The real motor of the economy is the workers’ love for their families – Bishop Grech

Credit: Terry Camilleri

The dignity which work confers on the human being and the love of family which is the true motor of the economy were the main themes on which the Bishop of Gozo, Mario Grech dwelt on, on the occasion of St Joseph the Worker, patron saint of all workers. Celebrating mass at the Ministry for Gozo, Bishop Grech said that work and the family are intrinsically conjoined.
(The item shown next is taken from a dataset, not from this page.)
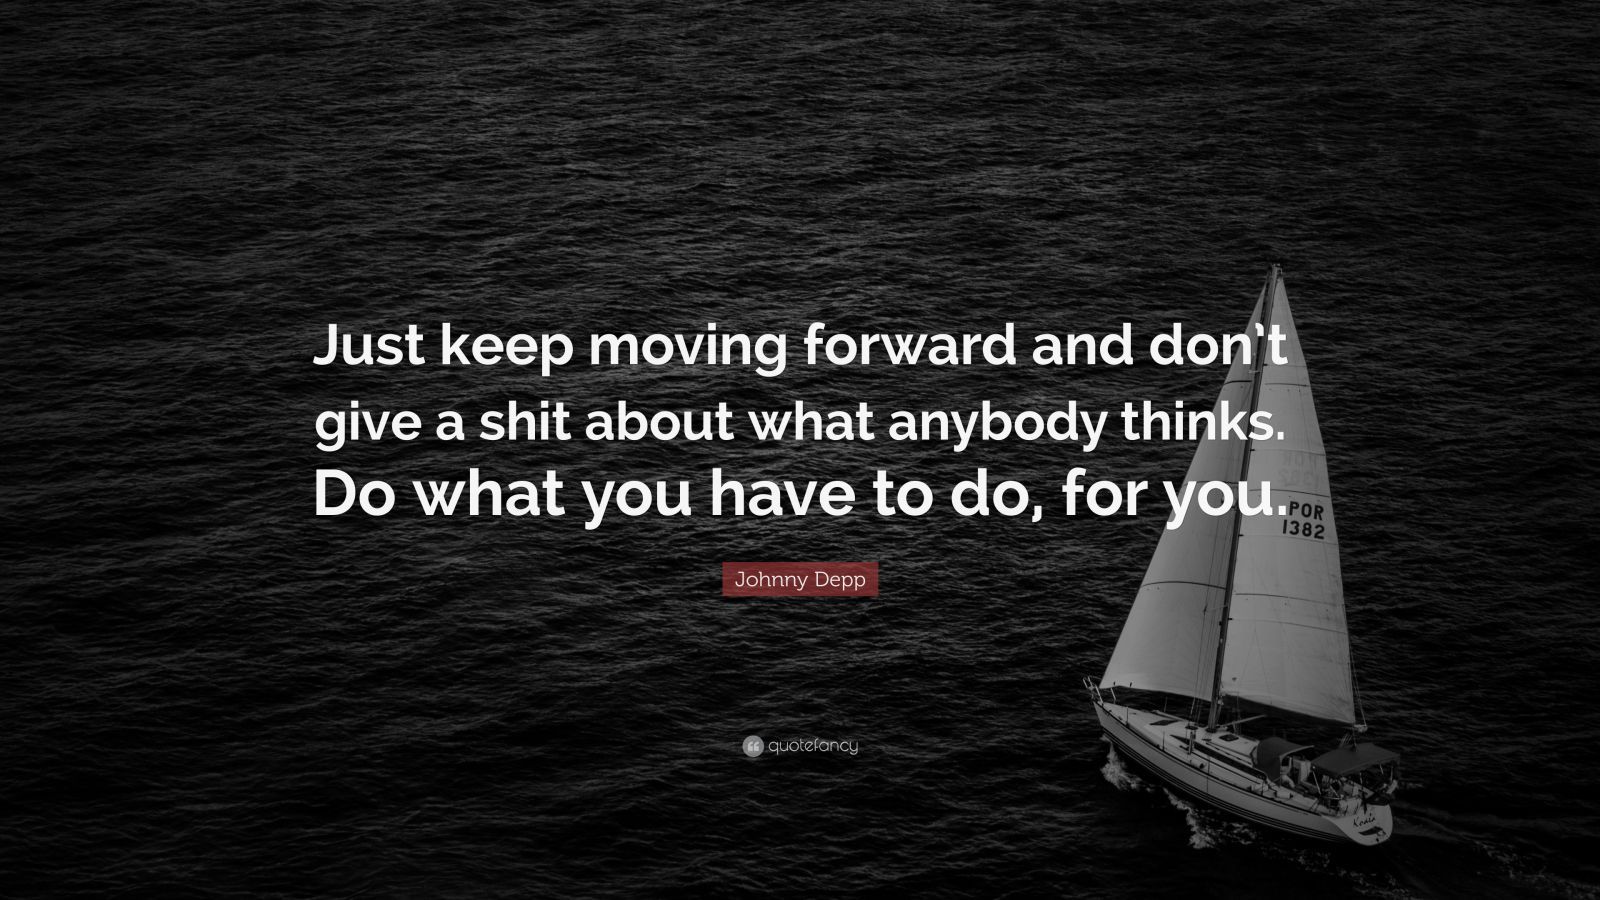 Johnny Depp Quote: “Just keep moving forward and don't give a shit about what anybody thinks. Do what you have to do, for you.” (23 wallpaper)

Bishop Grech said in the current economic situation, the discussion which had already started on the concepts of a ‘living wage’ or a ‘family wage’ might perhaps be continued and explored further. In raising this point, Bishop Grech noted that that the thought of providing for the family motivates workers and lubricates the economy, both in good times and in bad. When work is scarce, the family suffers but, he warned also of the dangers of excessive work.

In medio stat virtus

Bishop Grech praised the recent legislative steps taken to ensure an appropriate work-life balance warning that the treadmill of an economy driven life hits family life negatively. Second jobs, excessive overtime and such extra economic activity, while providing income will lead to burn out and second jobs, excessive overtime and such extra economic activity, while providing income will lead to burn out and are detrimental to family life. Moderation is key, said Bishop Grech, and in this moderation, the choices must be carefully weighed and made.

Need for quality time

Bishop Grech acknowledged that what is considered as a necessity, today, is more than that in previous generation. He said that in spite of all that is available there are still families who cannot afford to educate their children properly. He extended the concept of affordability not just to the financial aspect but also included the aspect of quality time. He raised the issue of the structuring of parental leave when children are born and said that conditions of work should ensure that there is sufficient time for the couple to invest in each other, in their children and in family life. “Work-life balance conditions many of the choices made by the family and on the familial relationships, societal relationships and its relationship with the Church” said the Bishop of Gozo. He observed that, not infrequently, personal prayer and spirituality are shunted aside for the benefit of work. This impoverishes the person and the family unit.

Mutual respect

In his conclusion, Bishop Grech said that those who provide work deserve praise for, not only the creation of the work, but also for the the great responsibility the employers have to the families they support. “It is every worker’s responsibility not to abuse his place of work and to be fair with the employer. If not, the repercussions will hit all employees hard” said Bishop Grech. He praised Maltese society’s social conscience and expressed the hope that the winds of globalisation will not sweep this away.